* [Exercise goal]:
Your copy of the data should match it exactly, leaving out only the pictures.

* [Given material]:
______
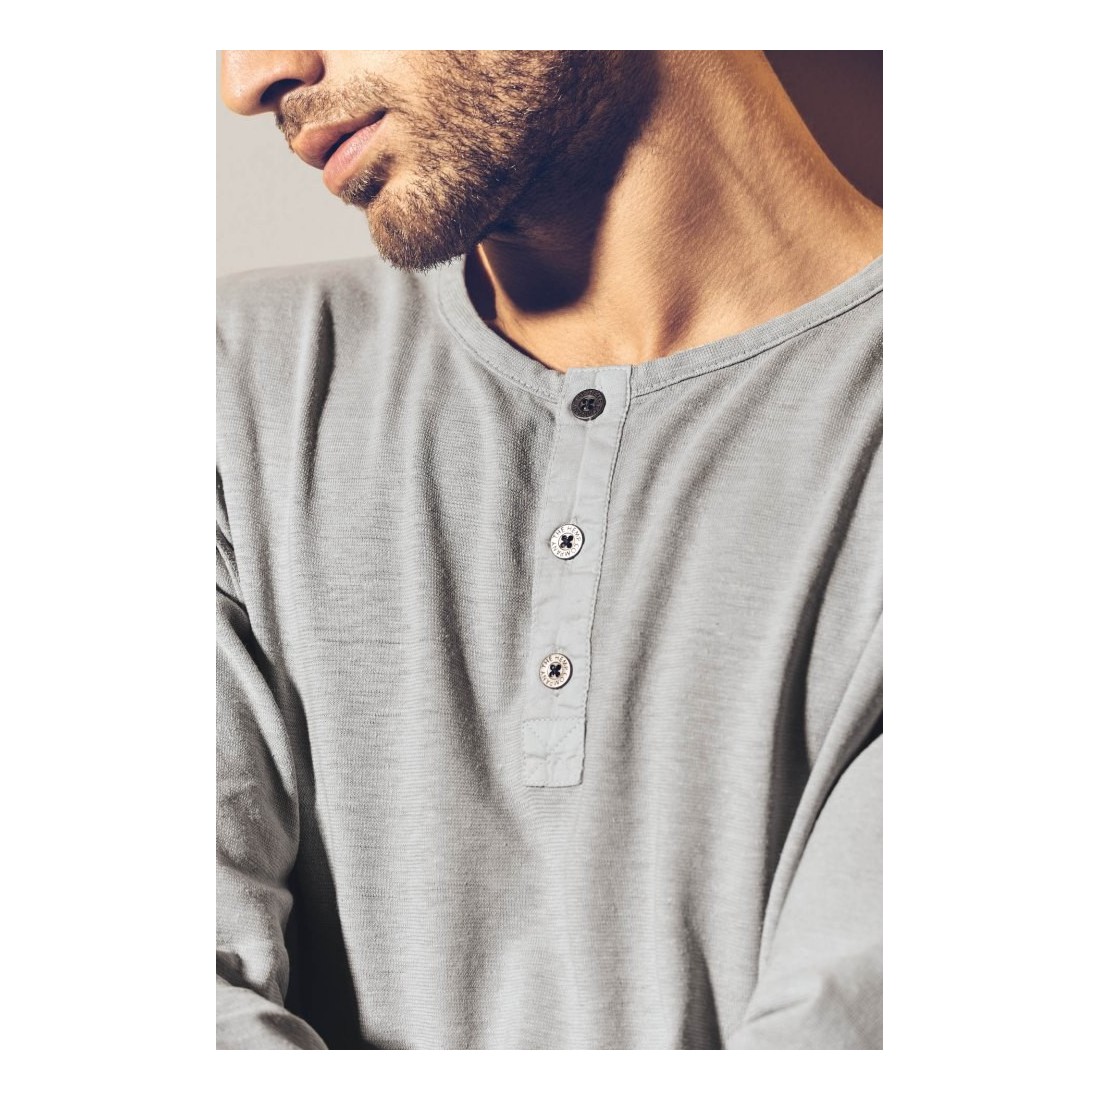 Henley t-shirt - Men's buttoned
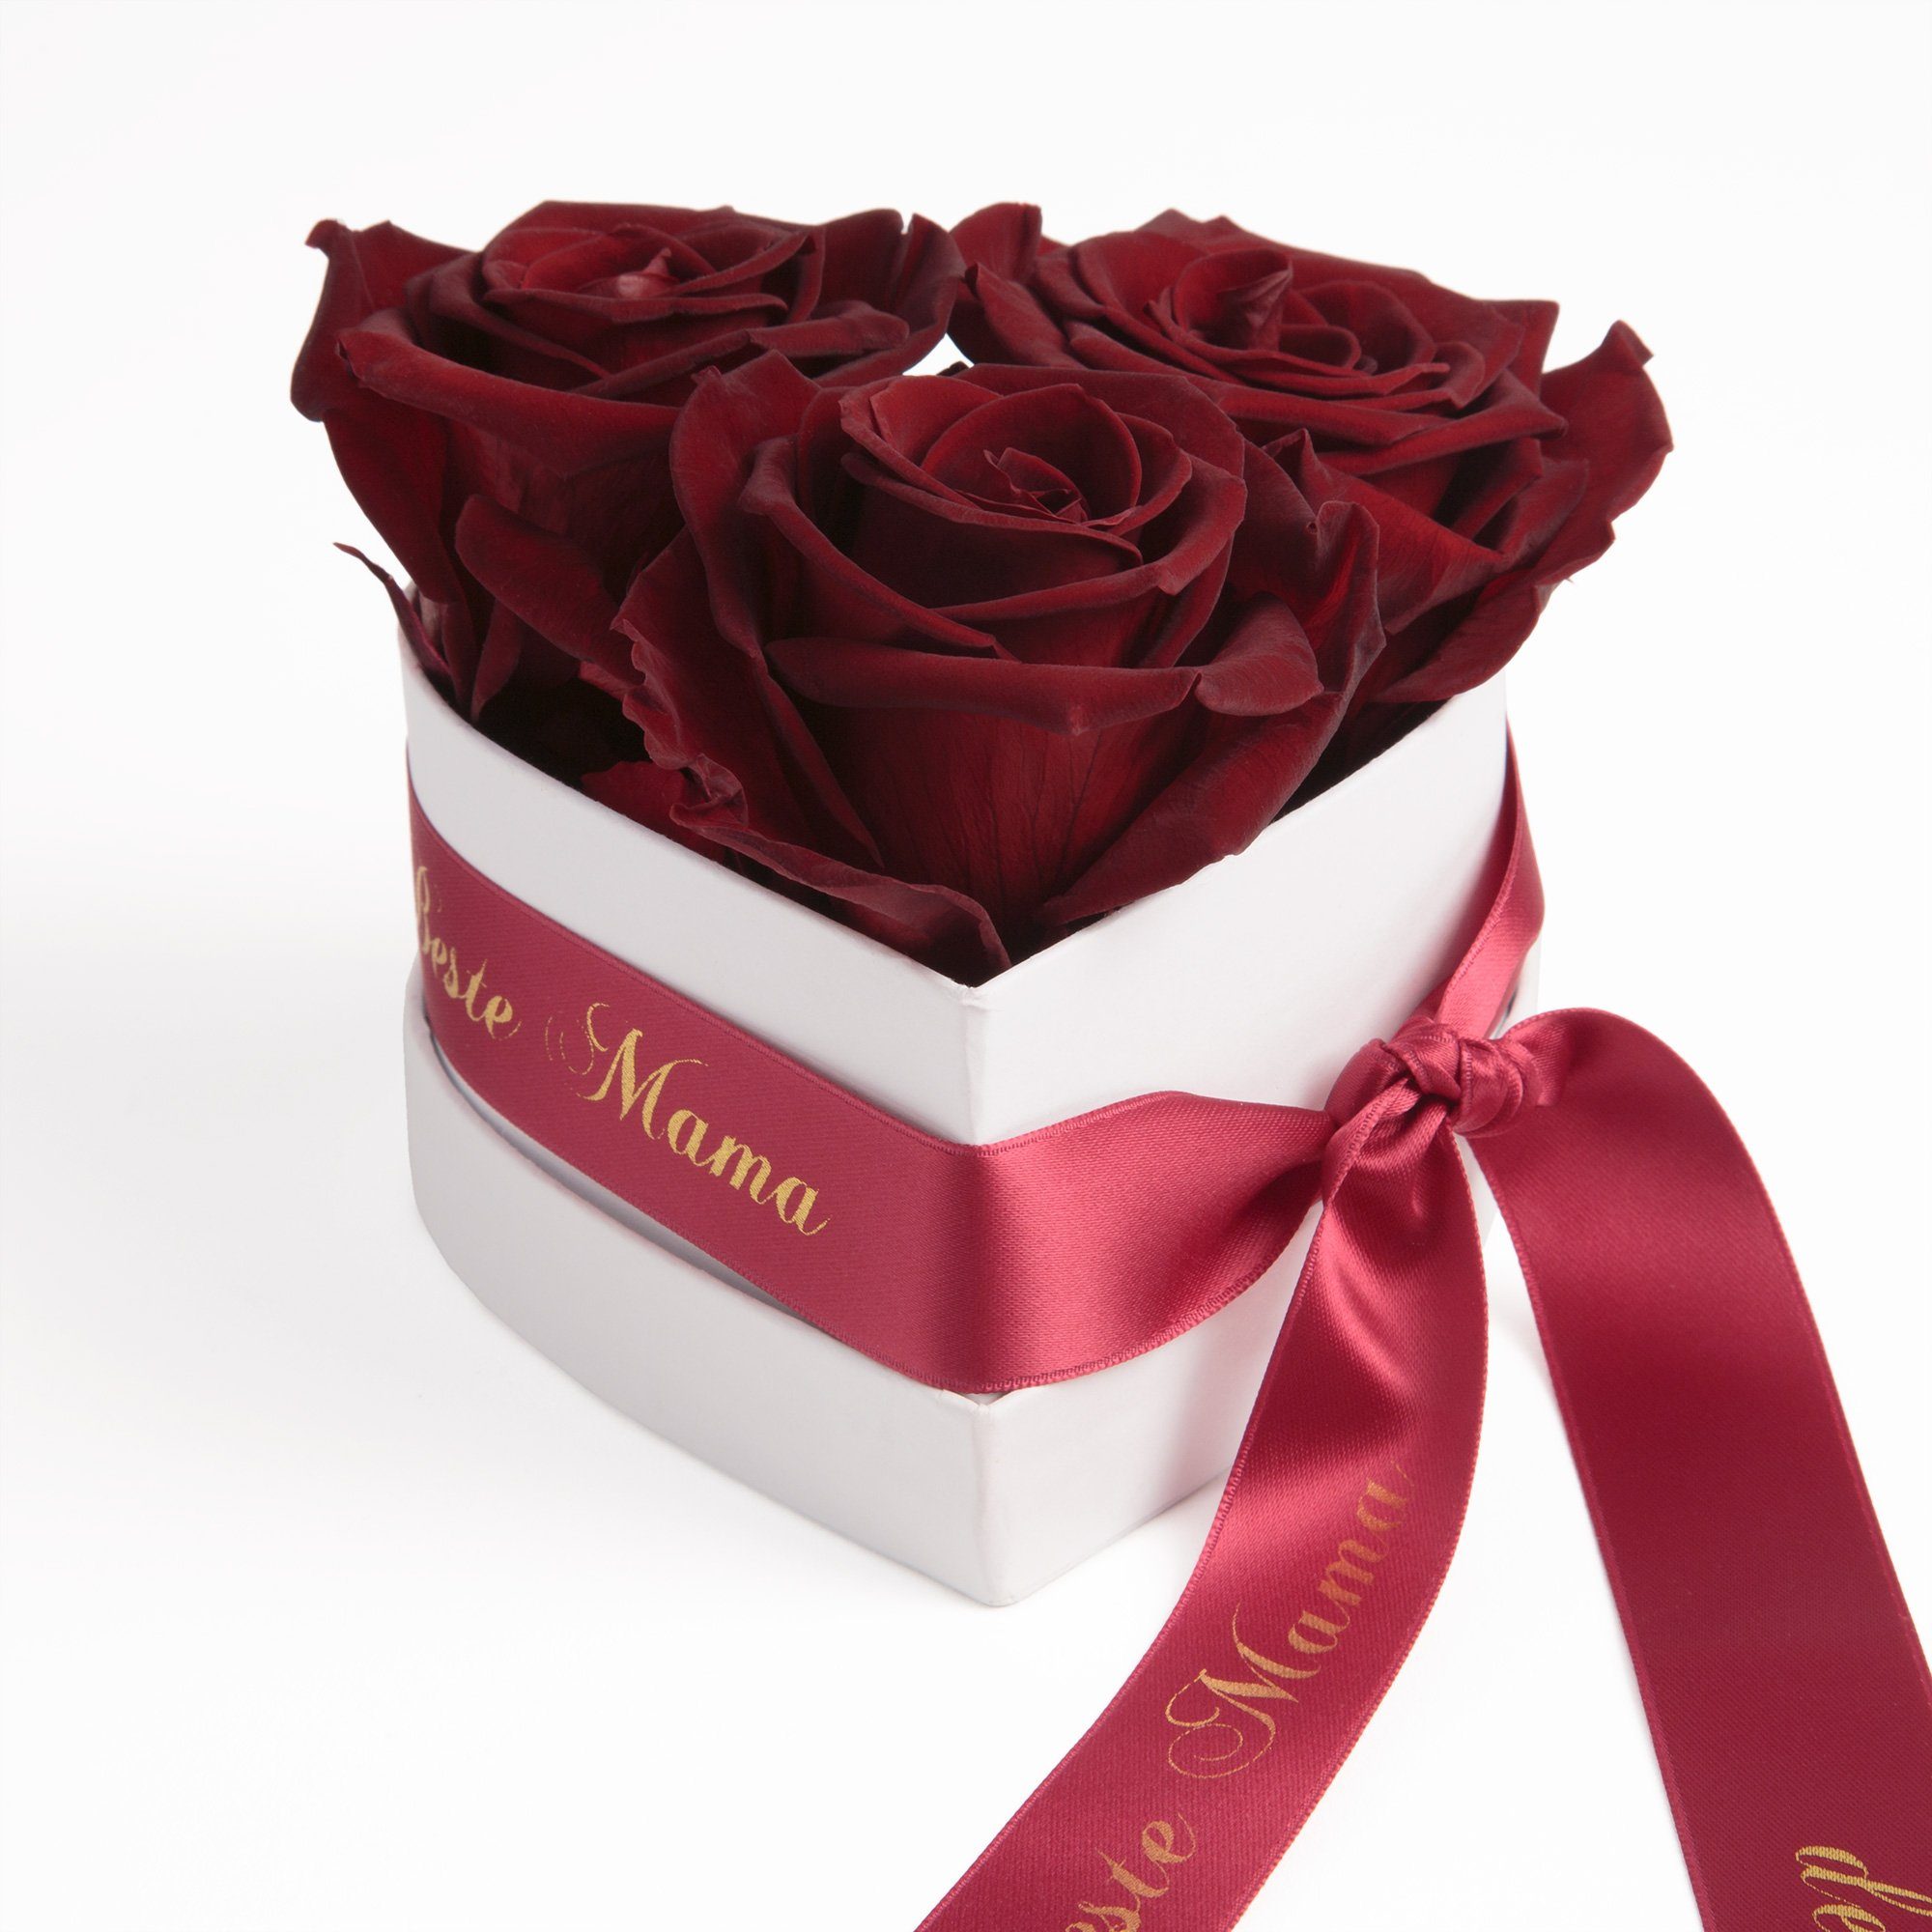 Rosen Mama Infinity Geschenk Beste Rosenbox 3 SCHULZ Herz Jahre cm, für echte Burgundy Höhe Heidelberg, Rose, die 10 Blumen ROSEMARIE der Kunstblume Welt haltbar 3
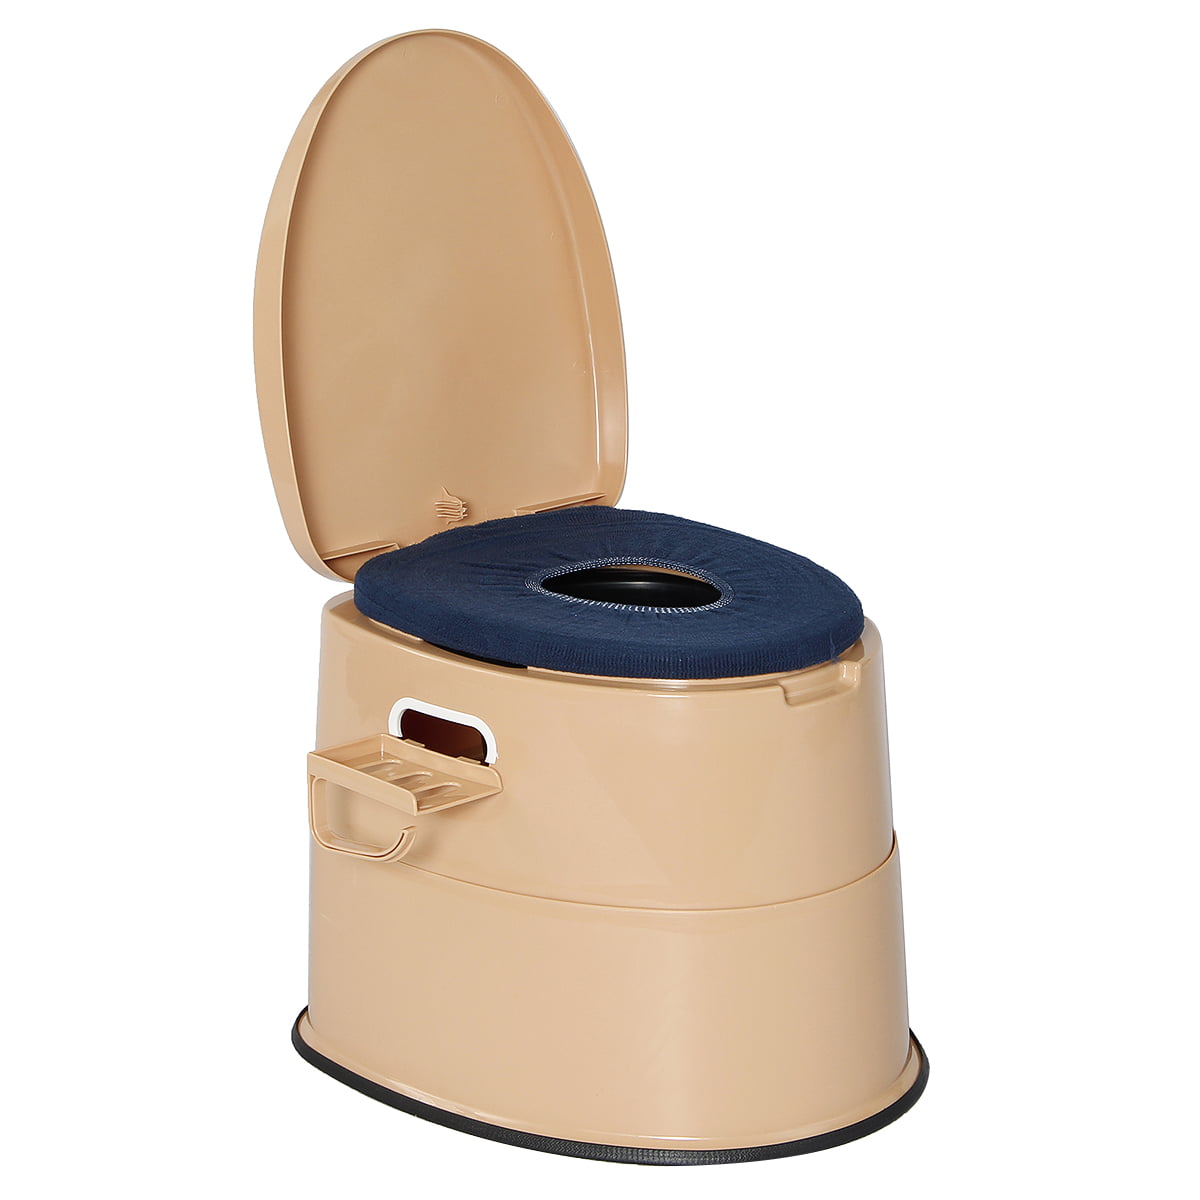 portable potty travel toilet
______
* [Response]:
 Henley t-shirt - Men's buttoned
 Rosen Mama Infinity Geschenk Beste Rosenbox 3 SCHULZ Herz Jahre cm, für echte Burgundy Höhe Heidelberg, Rose, die 10 Blumen ROSEMARIE der Kunstblume Welt haltbar 3
 portable potty travel toilet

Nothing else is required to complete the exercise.